The interesting thing about the way Alex acts is the way he doesn’t act at all. When he goes to the titular skate park, he simply watches the more experienced skateboarders doing all sorts of tricks and he talks about how he could sit there all day and night, just watching their boards dance on the cement walls. When the security guard dies, it isn’t because of anything that Alex does; rather it is his inaction that causes the death. It’s a remarkably subtle way of making the point that as much as you might try to hide, you can still cause harm to others.

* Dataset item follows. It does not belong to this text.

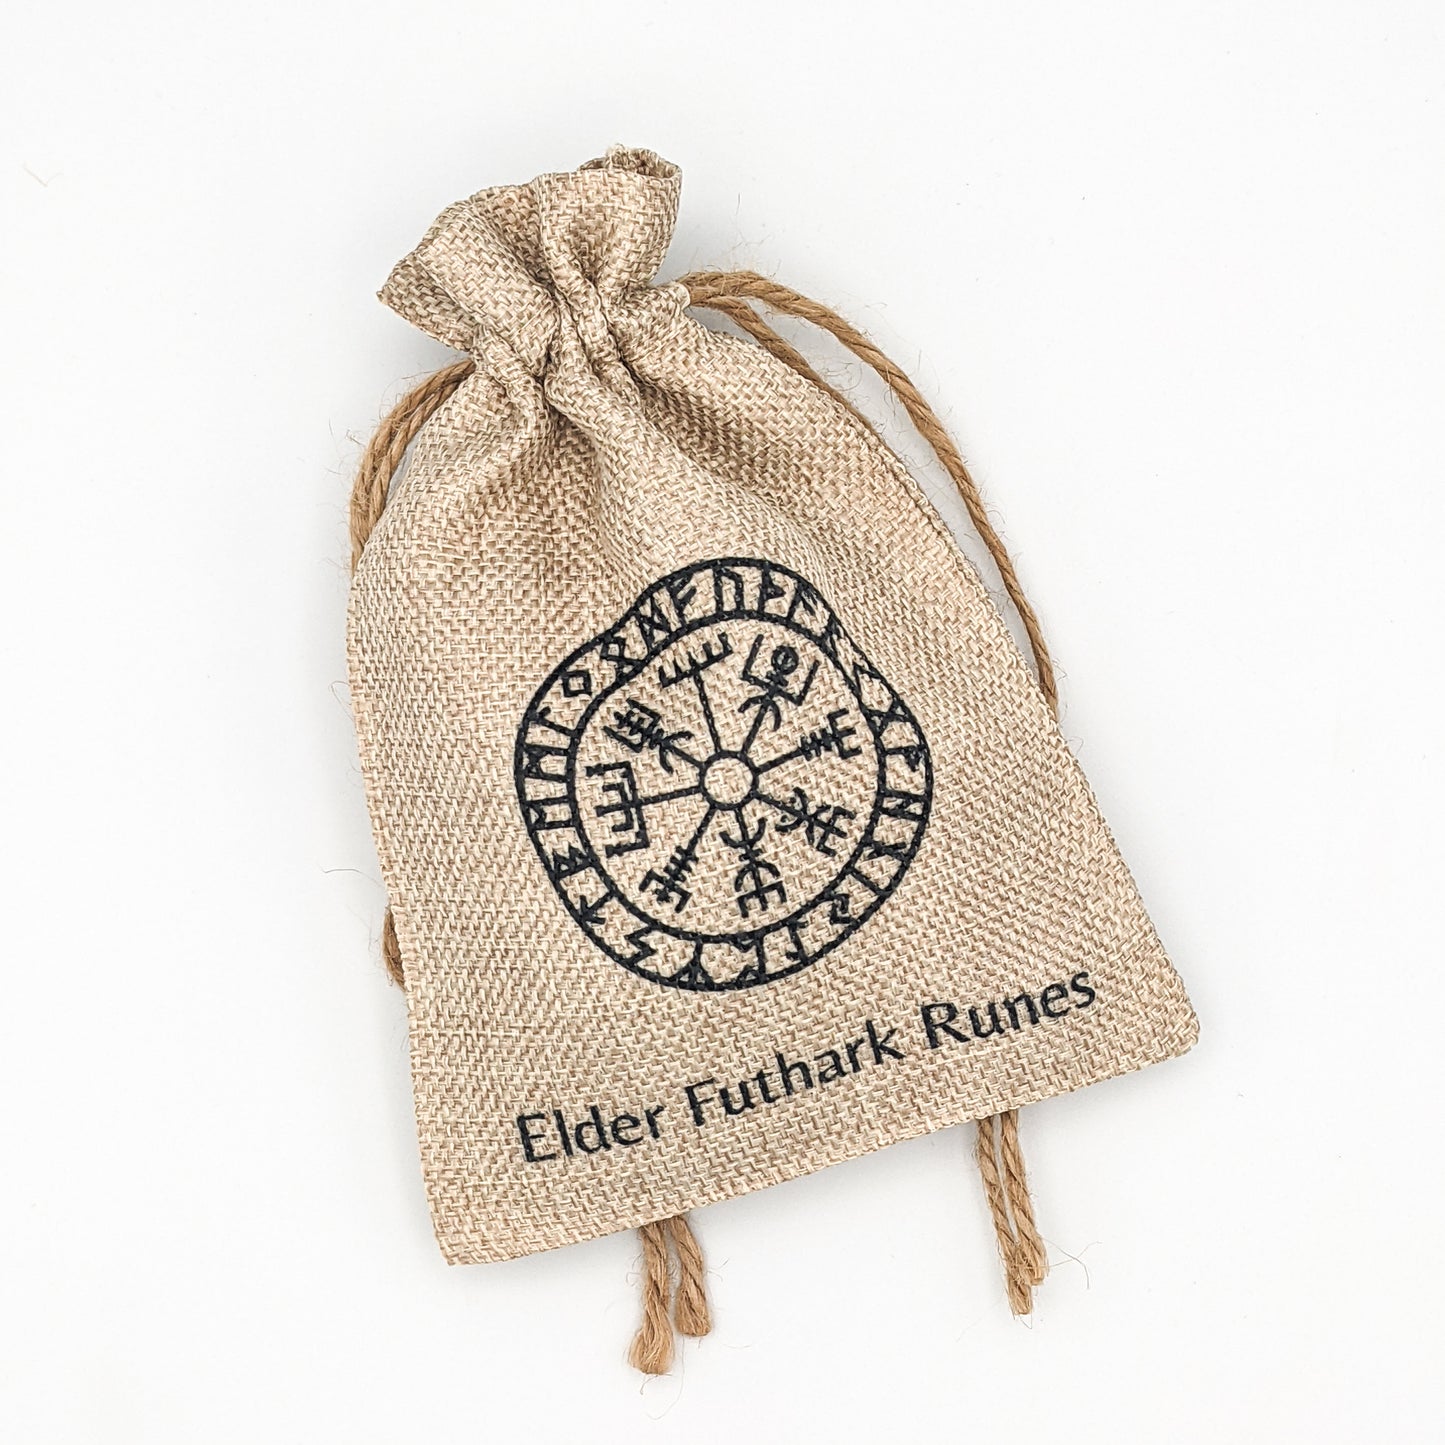 Elder Futhark Runes in Ember

This point is brought home later in the film when a young lady asks him what he thinks about the war in Iraq. Alex’s answer is typical of the kind of teenage malaise that is so prevalent these days: “I don’t really care.” And, I suppose, that is the point that Van Sant is trying to make with this film, that not caring and being passive can do just as much damage.

Witness the way in which Van Sant frames the conversations between Alex and his parents. We almost never get a clear view of his parents’ faces, blocked either by shadow or by a prop. In a very literal way, Alex’s parents are not in the picture. Is this what makes him so passive? Is this where his lack of heart comes from? It seems as if he just doesn’t want to be bothered with anything, even the positive moments in his life, like the first time he has sex. He dreads this moment, saying at one point, “She was a virgin, which means she’d want to do it at some point and then things would get all serious.” He doesn’t want things to get serious, to get real. He’d rather stay in his own bubble, watching the skaters skate while he sits on the sidelines and he’d rather watch others experience life so that he can be envious of the way that people live.

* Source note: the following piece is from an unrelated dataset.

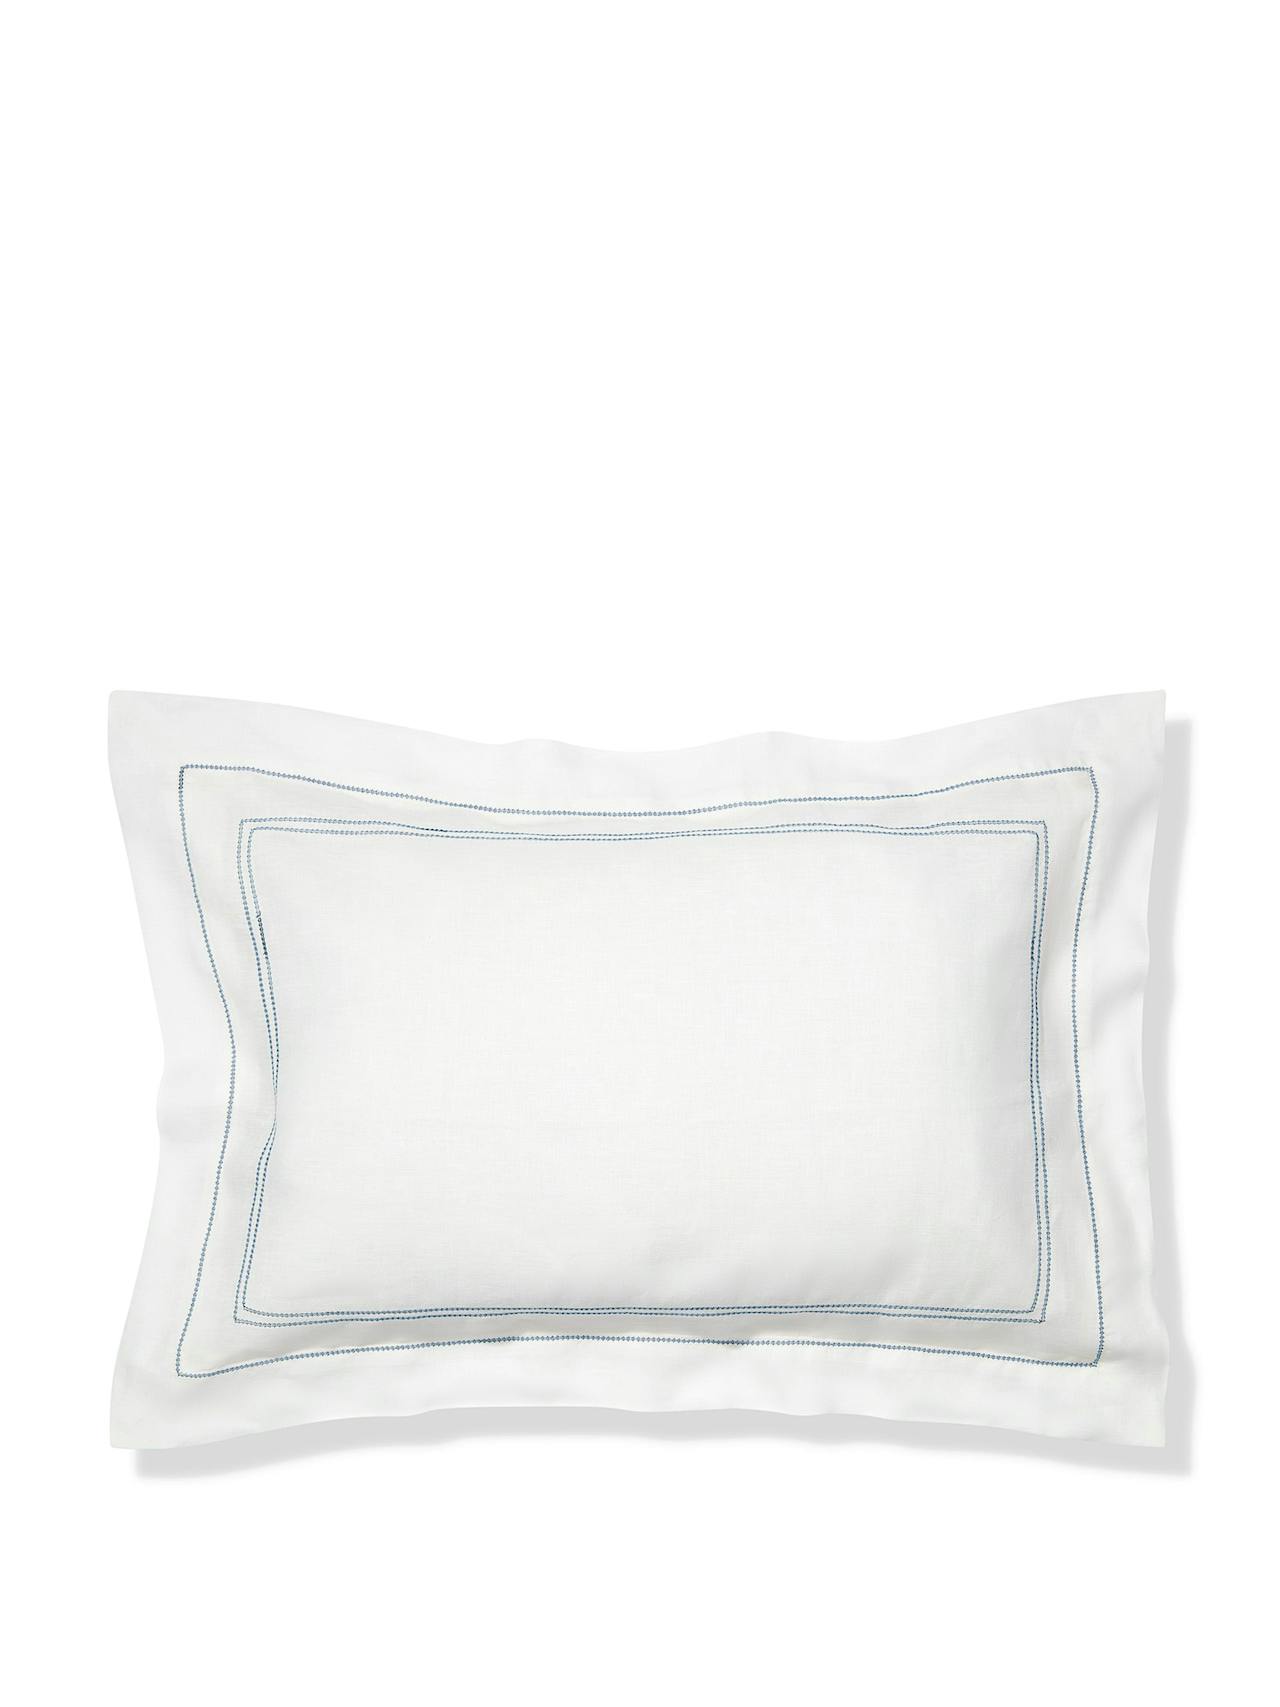 Prussian blue hemstitch pillowcase

This is the first film in this series that Van Sant has directed without the aid of his usual cinematographer, Harris Savides. Instead, the brilliant Christopher Doyle comes on board and he plays a lot more with darkness and light and it seems as if there is only blackness and grey in this world. There are some scenes that are so dark that you can barely see anything and it’s a way of getting inside Alex’s head and it adds to the realism of the film, without the use of excess artificial light.

And that is the key to this film and most of Van Sant’s recent films: the lack of artifice. Diablo Cody could learn a thing or two about the way Van Sant has his kids speaks. Instead of trying to invent a new kind of teen-speak like Cody does in Juno, Van Sant speaks the current vernacular fluently. He doesn’t have his actors use any smart-ass, constructed dialogue; rather, he has them speak naturally, with lots of “ums” and “uhs” and lines like, “Her and her friends are just drama.” This is how kids speak to each other, using the bare amount of words to get their point across.

The realism can be jarring in unexpected ways, like the scene in the beginning of the picture where Alex is in a classroom. Rather than having the teacher reciting a lesson that will somehow tie in with the rest of the film, it’s just a rather mundane classroom scene where the teacher is drawing a diagram. Or there is the scene where Alex is talking with a police detective and we see the ease with which Alex (and most teens) can lie to authorities. He’s clearly spent years spinning yarns with a straight face to his parents and knows that the best way to lie is to come up with details. The discussion with the detective turns into a dialogue about Subway sandwiches, which is the nature of conversation; things take left turns and don’t always end up at the desired topic destination.

Paranoid Park is the perfect end to Van Sant’s series of films. Gerry was about two guys lost in the desert, but it ultimately boils down to mercy killing. Elephant is about malicious, indiscriminate killing. Last Days was about killing yourself. And Paranoid Park is about death by indifference or rather, accidental killing. Even without those other three films as a warm-up, it’s clear that Paranoid Park is a masterpiece of minimalist filmmaking and is the best film I’ve seen so far this year. That might sound like faint praise, so let me phrase it this way: I will be astonished if I see a better film this year.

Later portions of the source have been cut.